THE WORLD, THE FLESH, AND THE DEVIL by J. D. Bernal. In the 1920's this
visionary English scientist, his mind inflamed by what he conceived to be the
imminent triumph of World Socialism, reinvented the nature of the human
future. To read this book is to marvel over what science fiction might have
been if Hugo Gernsback had not misled the genre. A work of staggering
daring, utterly lacking in comfortable bullshit.
DISTURBING THE UNIVERSE by Freeman Dyson. The great physicist-visionary of
the Orion Project explores the implications of man's role in the cosmos and
the simple warmth of human life. A sad, wise, hopeful book.

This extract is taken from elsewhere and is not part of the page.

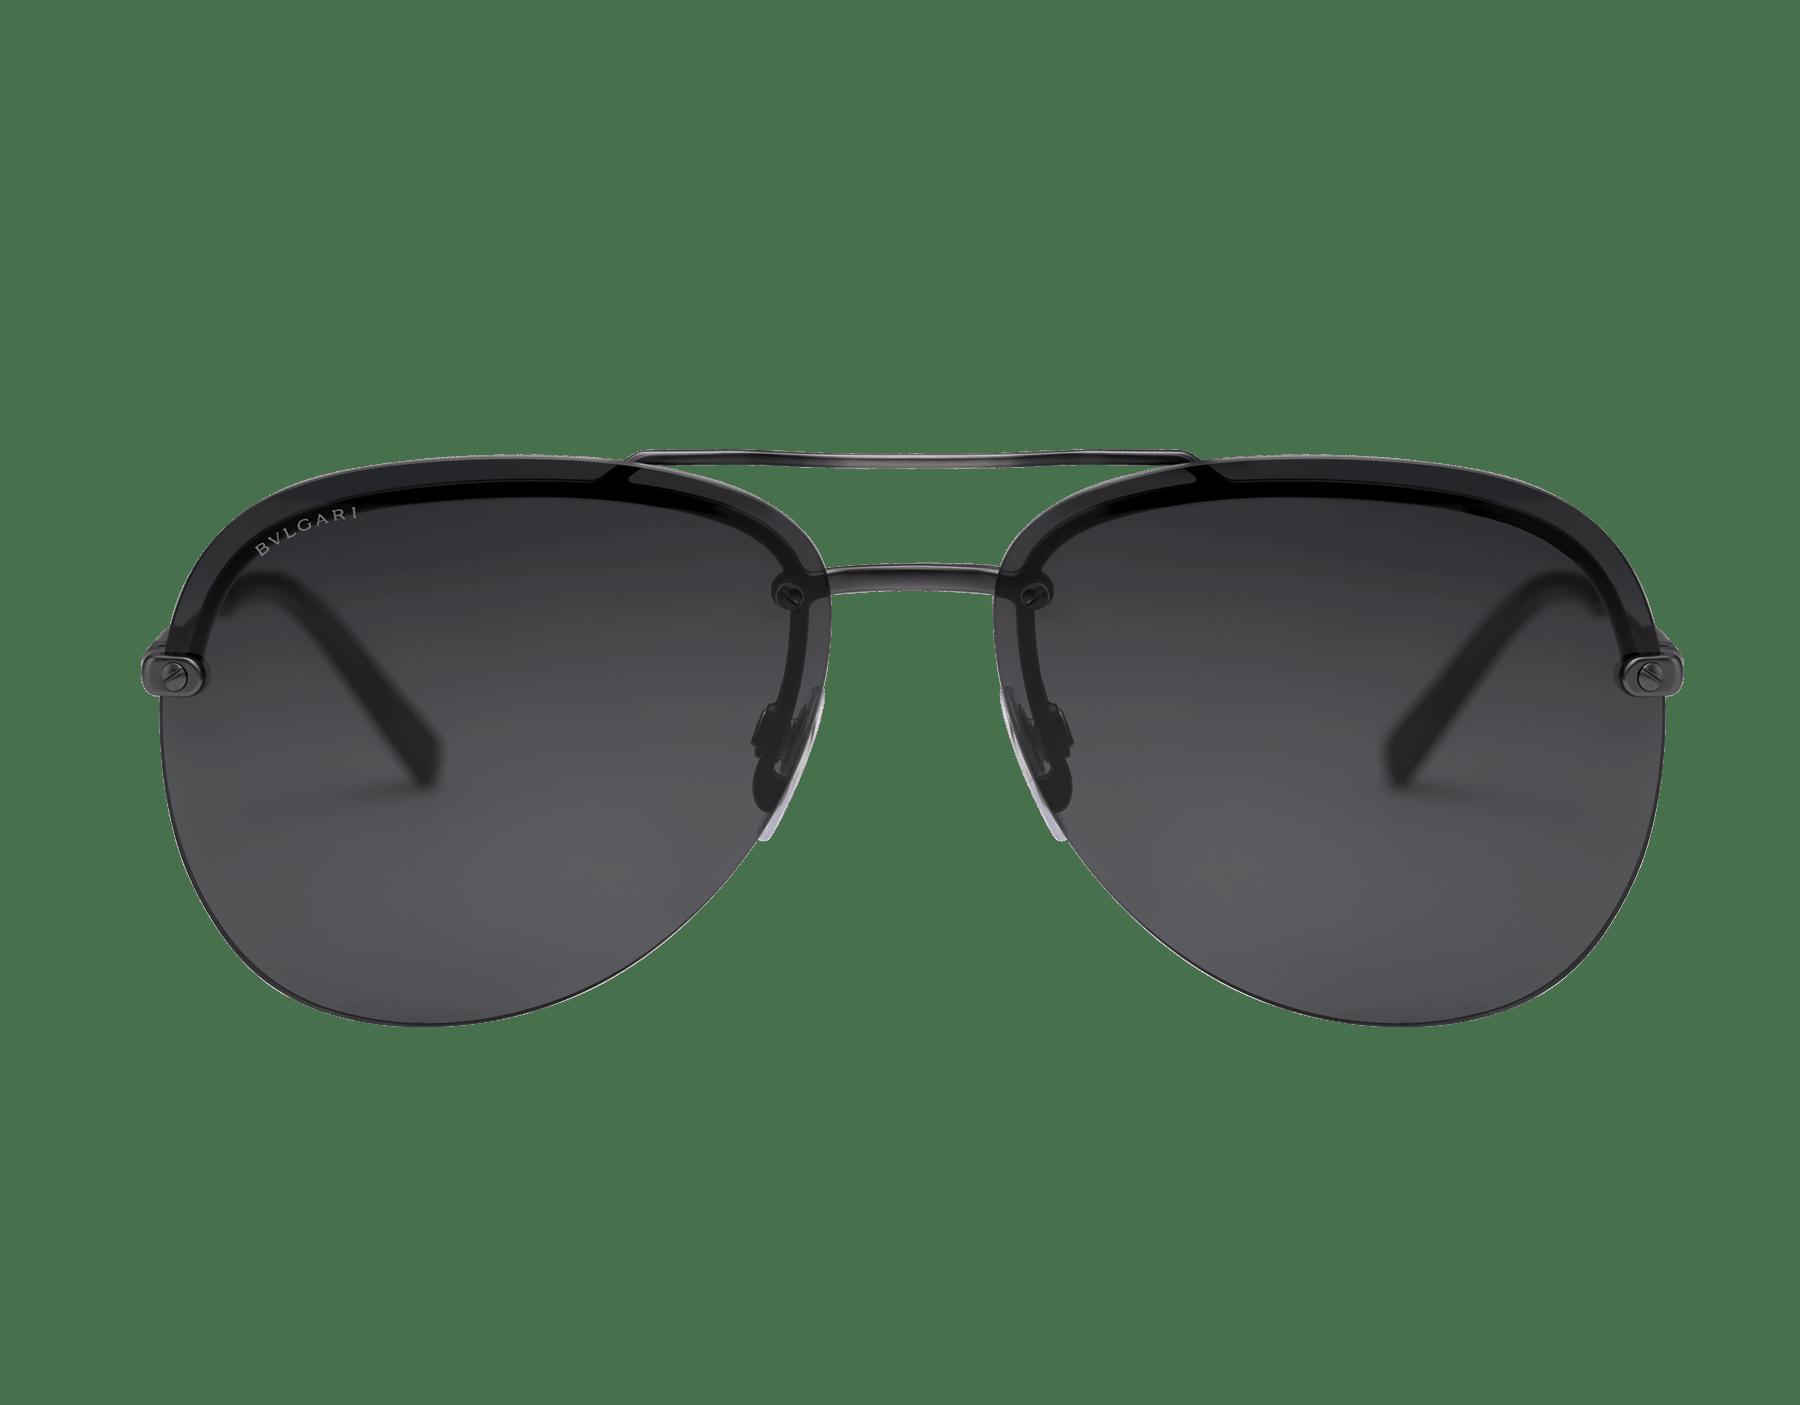 BVLGARI BVLGARI semi-rimless aviator sunglasses. 903412 image 3
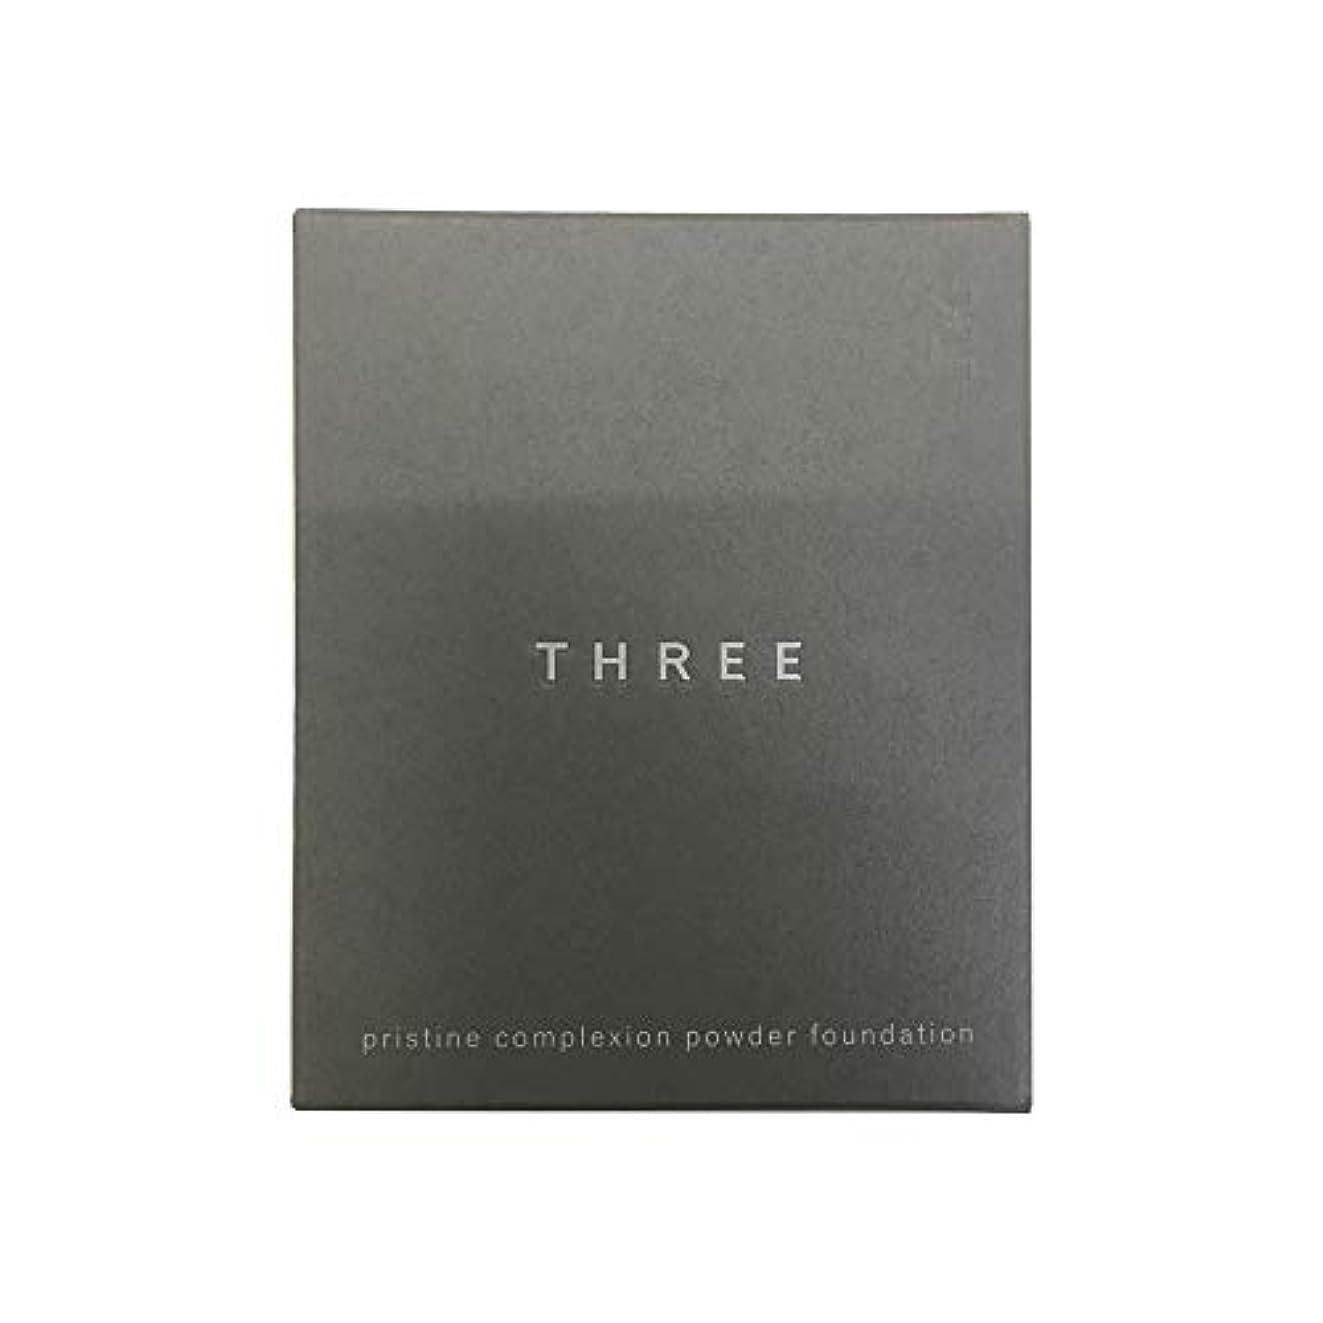 会計士気分相対的THREE(スリー) プリスティーンコンプレクションパウダーファンデーション #102(リフィル) [ パウダーファンデーション ] [並行輸入品]

THE THIRD WAVE by Alvin Toffler. Former Marxist Toffler had his paradigms
set early; he aims to be the Marx of the twenty-first century, only this time
it'll be done right. A brilliant conceptual framework for seeing emergent
order in the confusion of our times, deliberately pop-oriented and slanted as
a polemic for action. Echoes of his rhetoric are already apparent in many
politicians' sudden romance with high-tech industry. Must-reading for anyone
whose head is not in a bucket.
THE NINE NATIONS OF NORTH AMERICA by Joel Garreau. Fascinating social
analysis of the geographical subcultures of the continent. Floods the mind
with insight. If you ever wondered why Californians are crazy, this is the
book for you.
THE NEW SOLAR SYSTEM, Beatty, O'Leary, and Chaikin, eds. Mind-expanding
compendium of the discoveries garnered from unmanned planetary exploration.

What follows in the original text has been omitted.